La FCA britannique a vu jusqu’à présent un « impact positif » de la mise en place des règles MIFID 2 concernant la recherche financière. Lors d’un discours rapporté par le Financial Times, Andrew Bailey, directeur général de la FCA a déclaré que les investisseurs en actions au Royaume-Uni ont économisé l’an dernier plus de 180 millions de livres grâce aux changements sur la façon dont les asset managers paient pour la recherche. Il a ajouté que le marché pour donner un prix à la recherche des analystes était toujours en pleine évolution, mais que la hausse de la concurrence et des prix plus transparents ont créé « des gagnants et des perdants ». Le FT note que ce discours intervient alors que les fournisseurs les plus petits estiment avoir été dupés par la nouvelle réglementation introduite en janvier 2018. Andrew Bailey a reconnu toutefois que les prix étaient « bien plus bas » que ce qu’il avait anticipé.


ALLEMAGNE
Rothschild veut renforcer sa gestion de fortune en Allemagne

Bloomberg, 25/02/19

Rothschild veut continuer à renforcer ses activités de gestion de fortune en Allemagne.
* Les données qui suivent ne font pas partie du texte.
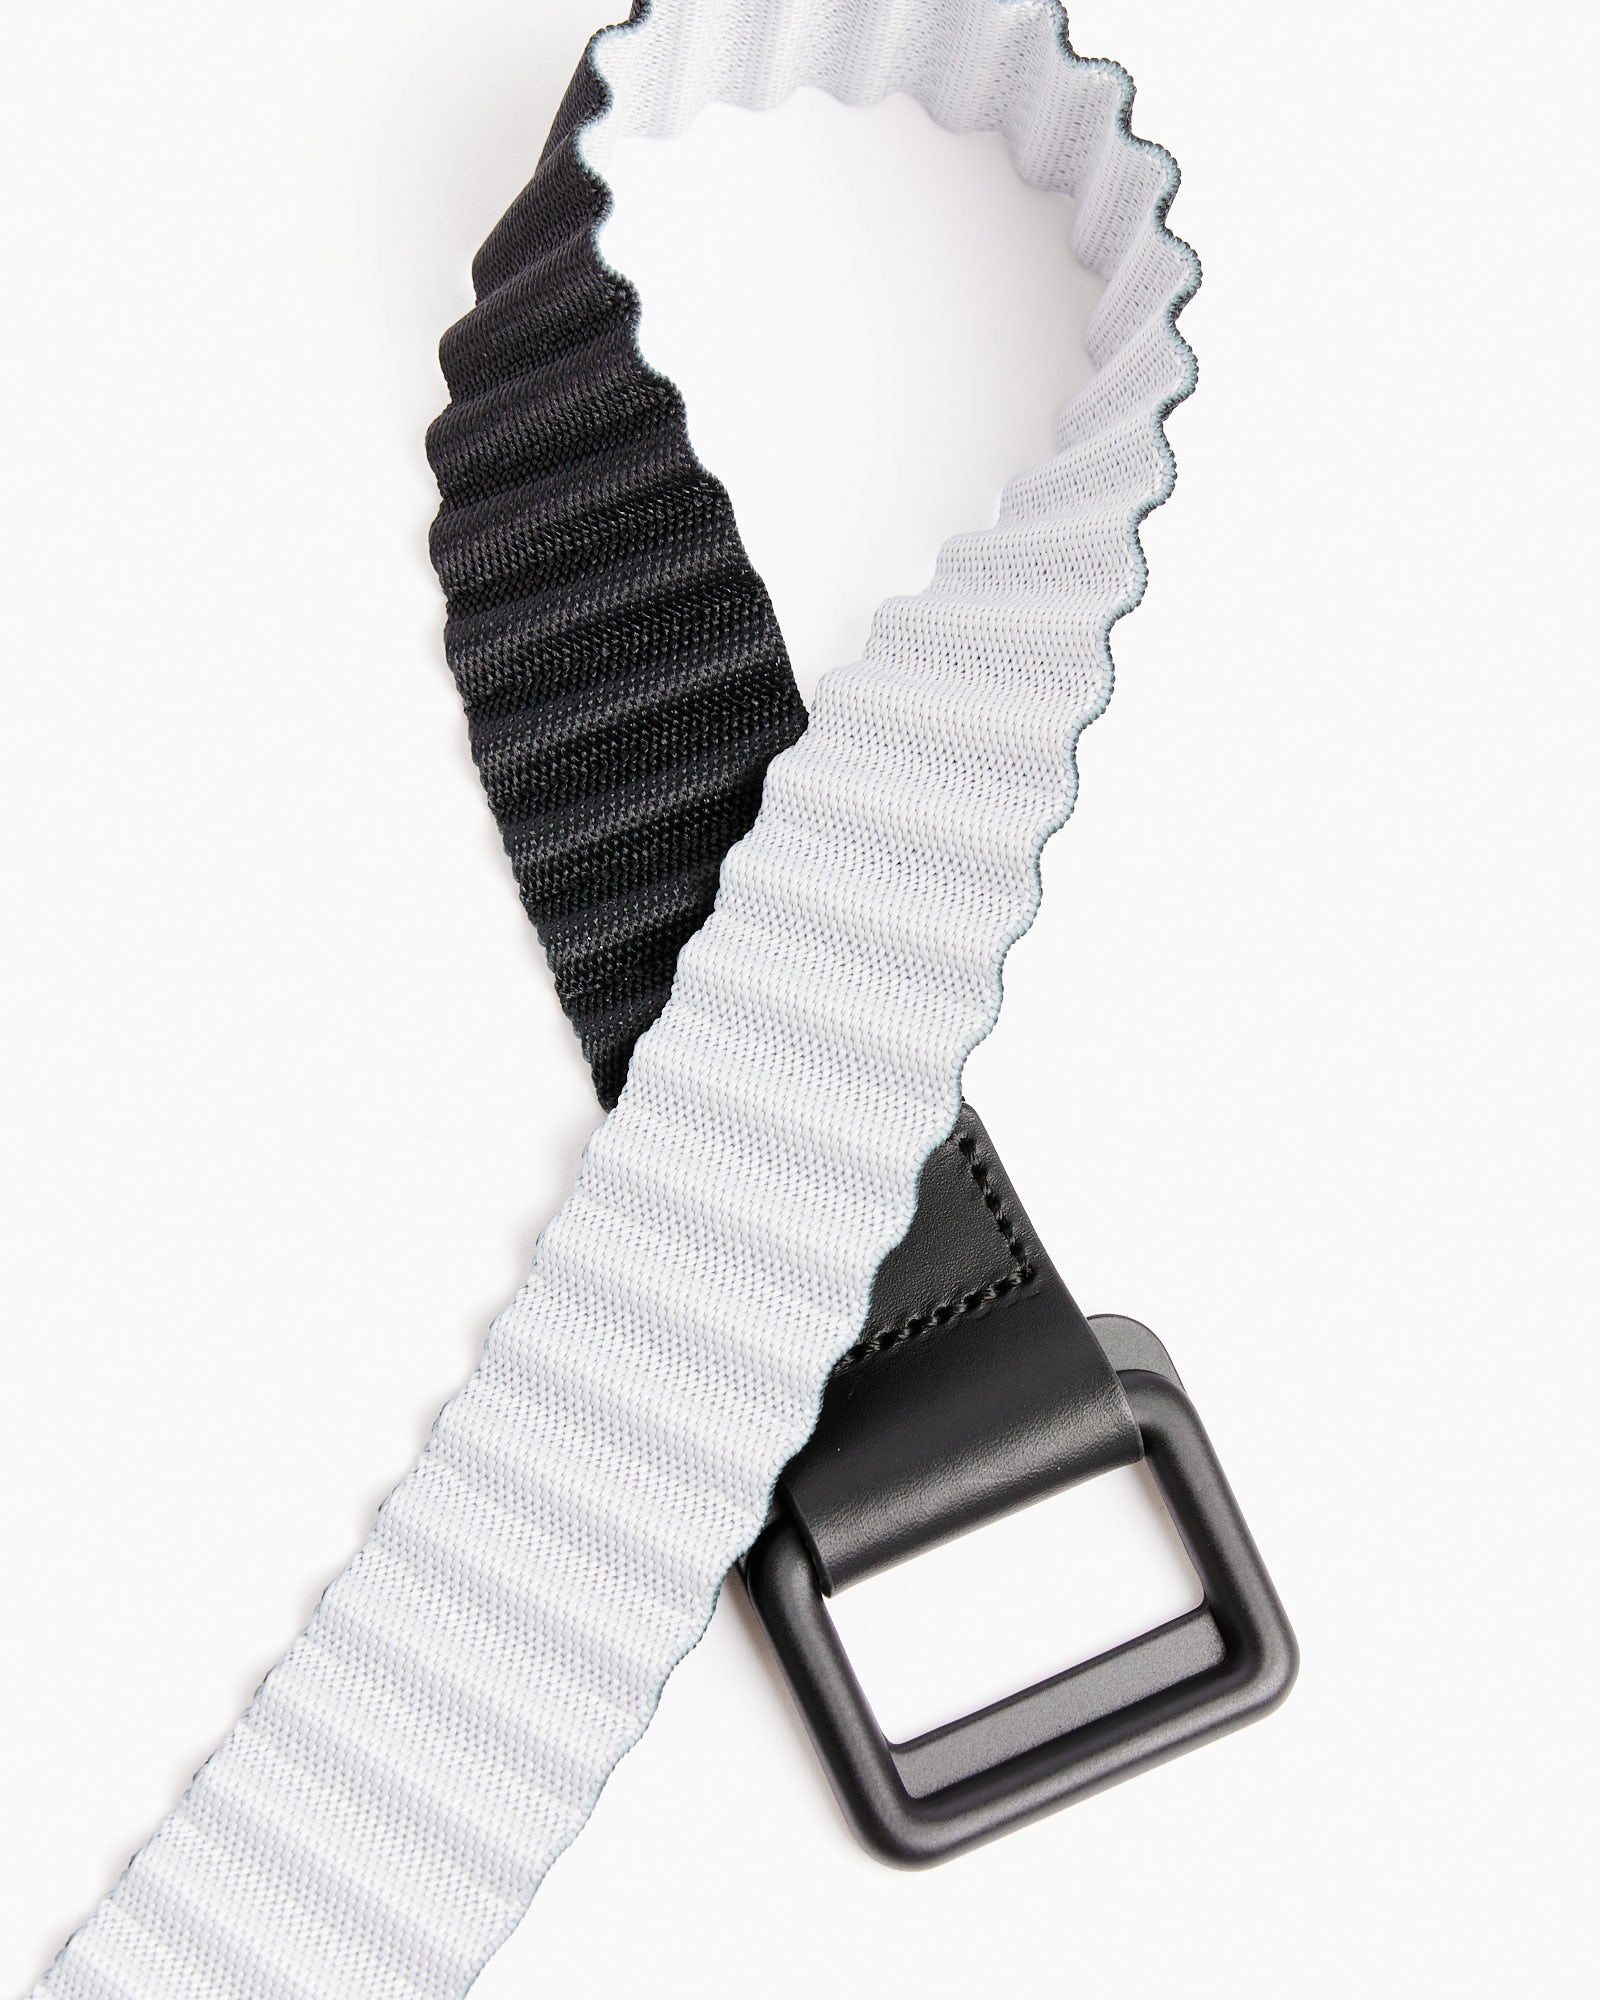 Pleat Belt in Charcoal/Light Grey

Après avoir porté les effectifs de l’équipe dédiée à une quarantaine de personnes durant l’année 2018, Rothschild va continuer d’embaucher cette année, a indiqué à Bloomberg Reinhard Krafft, qui dirige la division Private Wealth en Allemagne chez Rothschild & Co. Au cours des cinq dernières années, le montant des actifs sous gestion a été multiplié par quatre, selon une présentation de Rothschild. Les encours sont « nettement supérieurs à 3 milliards d’euros », a indiqué sans plus de précisions Reinhard Krafft. A côté de la division Corporate Finance Beratung (conseil en fusions/acquisitions), la gestion de fortune, avec des bureaux à Francfort et Düsseldorf, pourrait ainsi constituer un second pilier de l’activité de Rothschild sur le sol allemand. « Nous avons commencé avec une petite équipe (ndlr : en 2003). Nous voulons désormais également dans cette activité augmenter de taille en Allemagne », a souligné Reinhard Krafft qui précise s’intéresser en priorité aux entreprises familiales qui investissent 5 millions d’euros ou plus. Rothschild, qui compte déjà plusieurs centaines de clients en gestion de fortune, compte se différencier de la concurrence en offrant notamment un accès à des investissements dans le private equity avec la famille Rothschild comme co-investisseur.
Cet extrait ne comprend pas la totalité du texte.